We’ll see how that goes, but in real life Slaughter, who played in 69 games that year at the age of 38, had a crazy reverse platoon split, putting up a .700 OPS against righties and an .814 against lefties.

How it’s going so far is the Yankees are 6-3, on a five-game winning streak and tied for first in the A.L. East with Bill Simmons’ 2008 Boston Red Sox. Doesn’t seem like a fair fight to me. Bill’s guys are young and fit, plus David Ortiz, and mine are in their 80s, or dead.

Also in the division: Milo Kaminsky’s 1969 Baltimore Orioles, Jack Perconte’s 2007 Cleveland Indians, Gary Gillette’s 1961 Detroit Tigers, Jason Bova’s 1985 Toronto Blue Jays and Joe Dimino’s 1925 Washington Senators.

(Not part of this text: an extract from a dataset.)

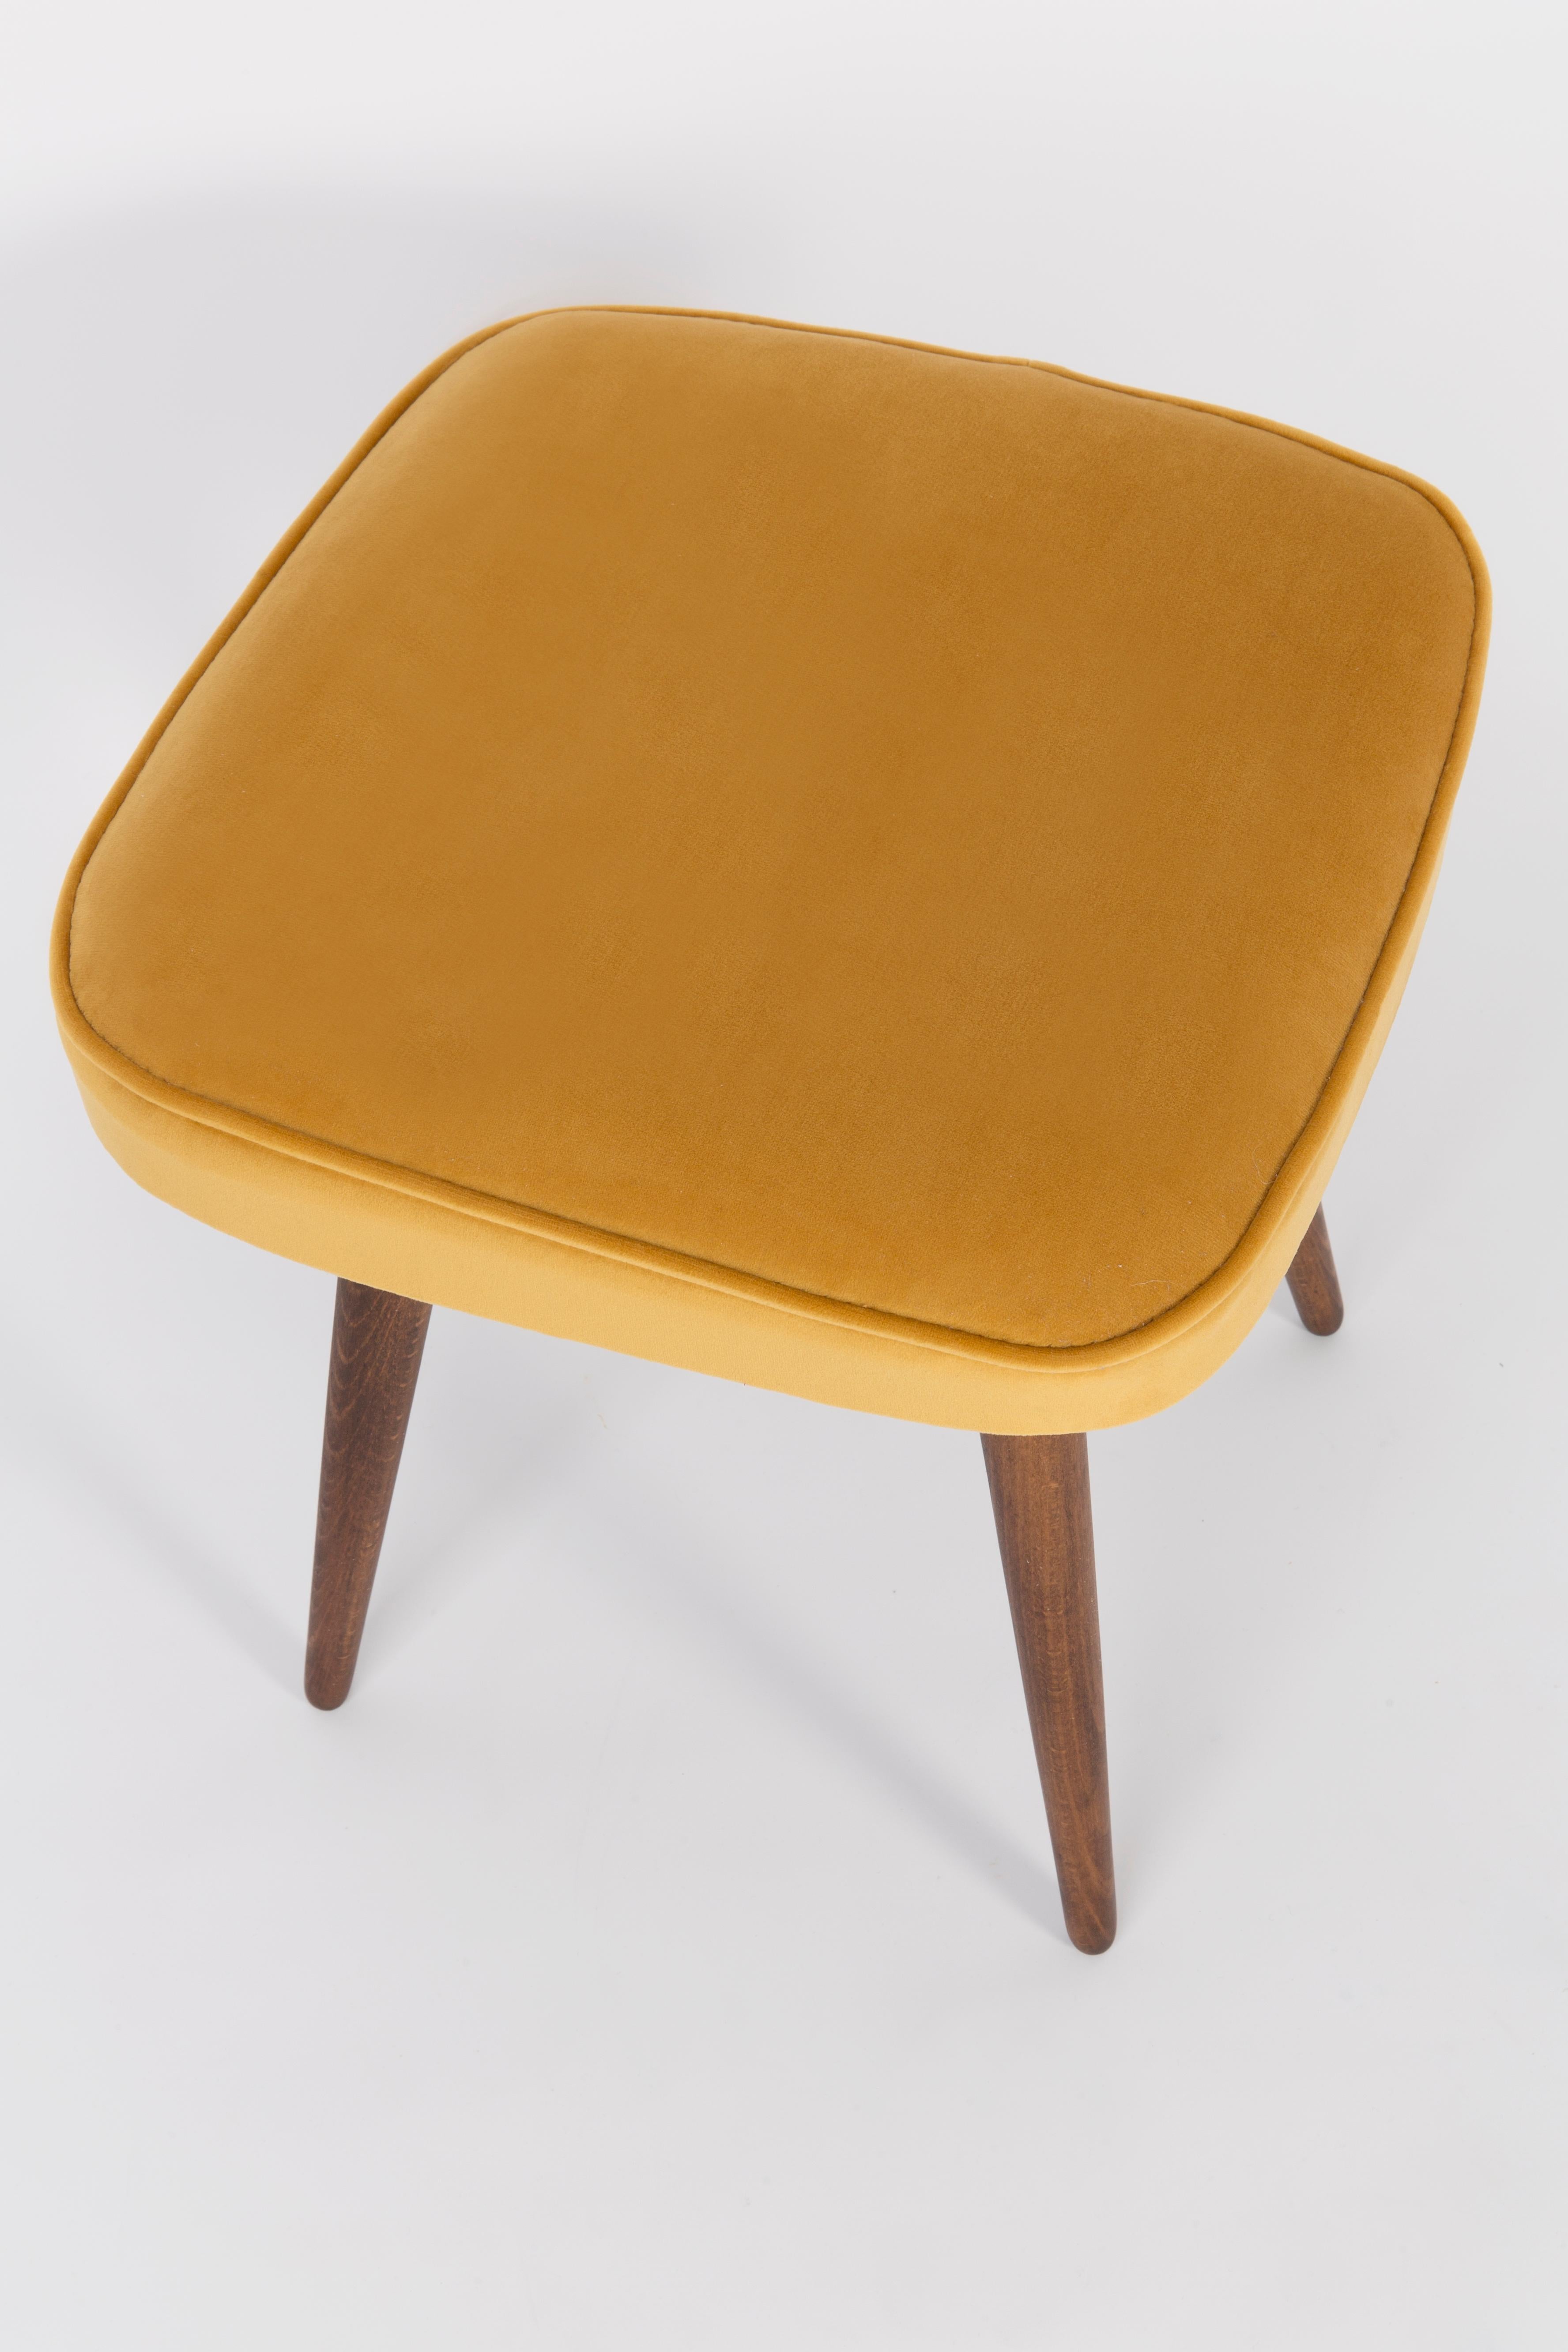 Stool from the turn of the 1960s and 1970s. Beautiful mustard velor upholstery. The stool consists of an upholstered part, a seat and wooden legs narrowing downwards, characteristic of the 1960s style. We can prepare this pair also in another color

The Yanks got off to a rough start, losing two in a row before salvaging the third game against Joe Hamrahi and Craig Brown’s 1977 Kansas City Royals. Then they got pounded by the Senators 11-1 to fall to 1-3 before Eddie Lopat threw a shutout to launch New York on its winning streak, two wins over the Senators and a three-game road sweep over Perconte’s ’07 Indians.

Take that, former big-leaguer, who by the way has been blogging entertainingly at Seamheads about his career.

Next up, we go to Washington, Whitey Ford, still looking for his first win, against Tom Zachary in the opener.

Using Skowron over Collins is really paying off so far. Skowron’s 7-for-31 with no extra-base hits and a .520 OPS. Collins is 6-for-14 with a triple and a 1.071 OPS. Small sample size, but there might be some good reason why playing Skowron over Collins won’t work. Slaughter, by the way, is 4-for-15.

According to Baseball Almanac, my highest-paid player is Mickey Mantle, who made $21,000 that year. In today’s money, that’s $166,470. It’s good to be an owner.